School of Chemical and Biological Engineering, School of Environmental and Municipal Engineering, Key Laboratory of Extreme Environmental Microbial Resources and Engineering in Gansu Province, Lanzhou Jiaotong University, Lanzhou 730070, China.
School of Chemical and Biological Engineering, School of Environmental and Municipal Engineering, Key Laboratory of Extreme Environmental Microbial Resources and Engineering in Gansu Province, Lanzhou Jiaotong University, Lanzhou 730070, China.
Sci Total Environ. 2020 Jun 25;723:138081. doi: 10.1016/j.scitotenv.2020.138081. Epub 2020 Mar 20.

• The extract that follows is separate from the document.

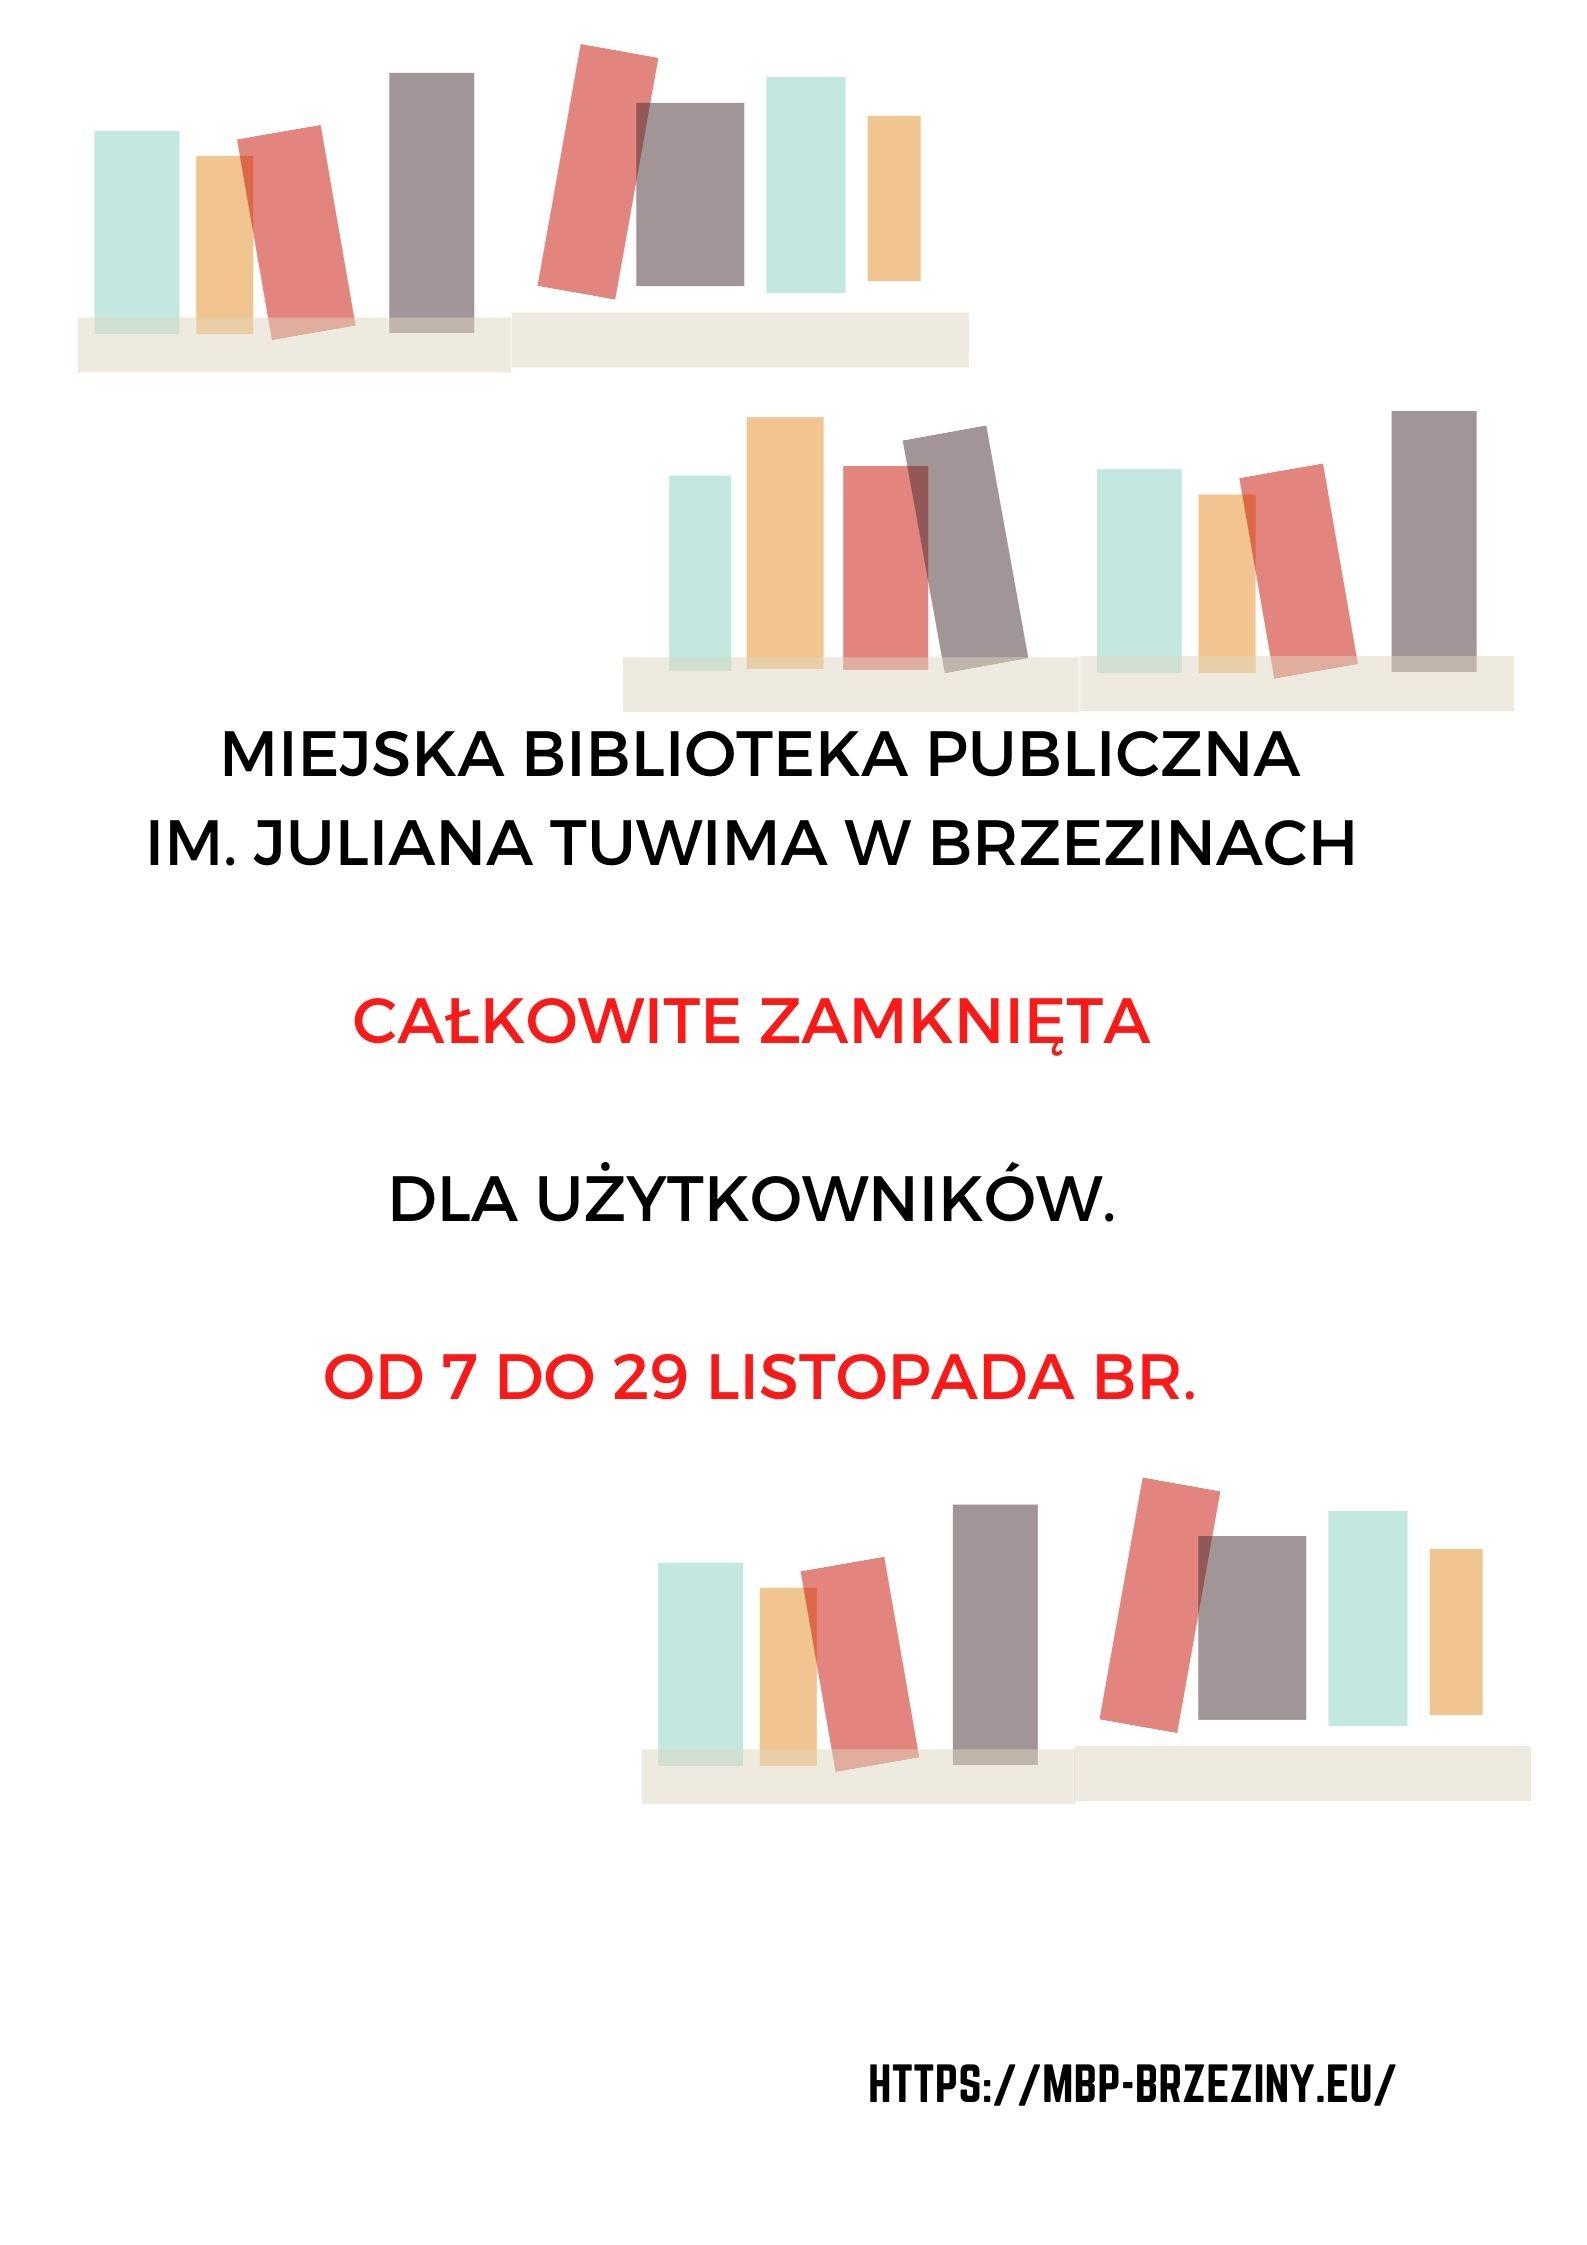 Biblioteka nieczynna

Concentration gradients of multiple heavy metals (HMs) in the arid loess region near a smelter were determined. In order to understand the response of soil microbes to multiple HM gradients, bacterial and fungal community structures and functions were analyzed using high-throughput RNA gene sequencing and the PICRUSt method. RDA/PCA analyses revealed that soil pH, HMs, and electrical conductivity (EC) jointly affected the bacterial communities in the soils. The soil microbial community structures responded differently to HMs, EC, and pH. High HMs increased the abundances of the bacterial phyla Actinobacteria, Bacteroidetes, Deinococcus-Thermus, and Chloroflexi, and the genera Blastococcus, Rubrobacter, Quadrisphaera, and Tunicatimonas, whereas they decreased the abundances of the phyla Proteobacteria and Acidobacteria and the genera Streptomyces and Nocardioides. High EC and low pH decreased the abundance of most of the dominant bacterial phyla but increased the abundances of Firmicutes, Deinococcus-Thermus, and Nitrospirae. Furthermore, high HMs and EC reduced the numbers of soil-specific bacterial and fungal groups and drove the succession of certain groups that were highly resistant to increased HMs and EC. In addition, many bacterial and fungal groups exhibited different response patterns to each HM, implying that, in multiple HM-contaminated soils, HMs jointly shaped the microbial communities. PICRUSt analysis suggested that high HMs significantly decreased the total gene abundance and most KEGG modules in the soils. High EC and low pH significantly enhanced the abundances of several two-component system-, electron transfer-, and methanogenesis-related modules. We conclude that excessive multiple HMs and EC principally repressed the microbial activity and severely drove the gradient succession of bacterial and fungal communities in the arid loess region.
测定了冶炼厂附近干旱黄土区多种重金属(HM)的浓度梯度。为了了解土壤微生物对多种 HM 梯度的响应,我们使用高通量 RNA 基因测序和 PICRUSt 方法分析了细菌和真菌群落结构和功能。RDA/PCA 分析表明,土壤 pH、HM 和电导率(EC)共同影响土壤中的细菌群落。土壤微生物群落结构对 HM、EC 和 pH 的响应不同。高 HM 增加了放线菌门、拟杆菌门、厚壁菌门、Chloroflexi 门和芽胞杆菌属、Rubrobacter 属、Quadrisphaera 属和 Tunicatimonas 属的丰度,而降低了变形菌门和酸杆菌门以及链霉菌属和诺卡氏菌属的丰度。高 EC 和低 pH 降低了大多数优势细菌门的丰度,但增加了厚壁菌门、厚壁菌门、热脱硫菌门和硝化螺旋菌门的丰度。此外,高 HM 和 EC 减少了土壤特异性细菌和真菌类群的数量,并促使某些对高 HM 和 EC 高度耐受的类群演替。此外,许多细菌和真菌类群对每种 HM 表现出不同的响应模式,这意味着在多种 HM 污染的土壤中,HM 共同塑造了微生物群落。PICRUSt 分析表明,高 HM 显著降低了土壤中的总基因丰度和大多数 KEGG 模块。高 EC 和低 pH 显著增强了几个二组分系统、电子传递和产甲烷相关模块的丰度。我们得出结论,过多的多种 HM 和 EC 主要抑制了微生物活性,并严重驱动了干旱黄土区细菌和真菌群落的梯度演替。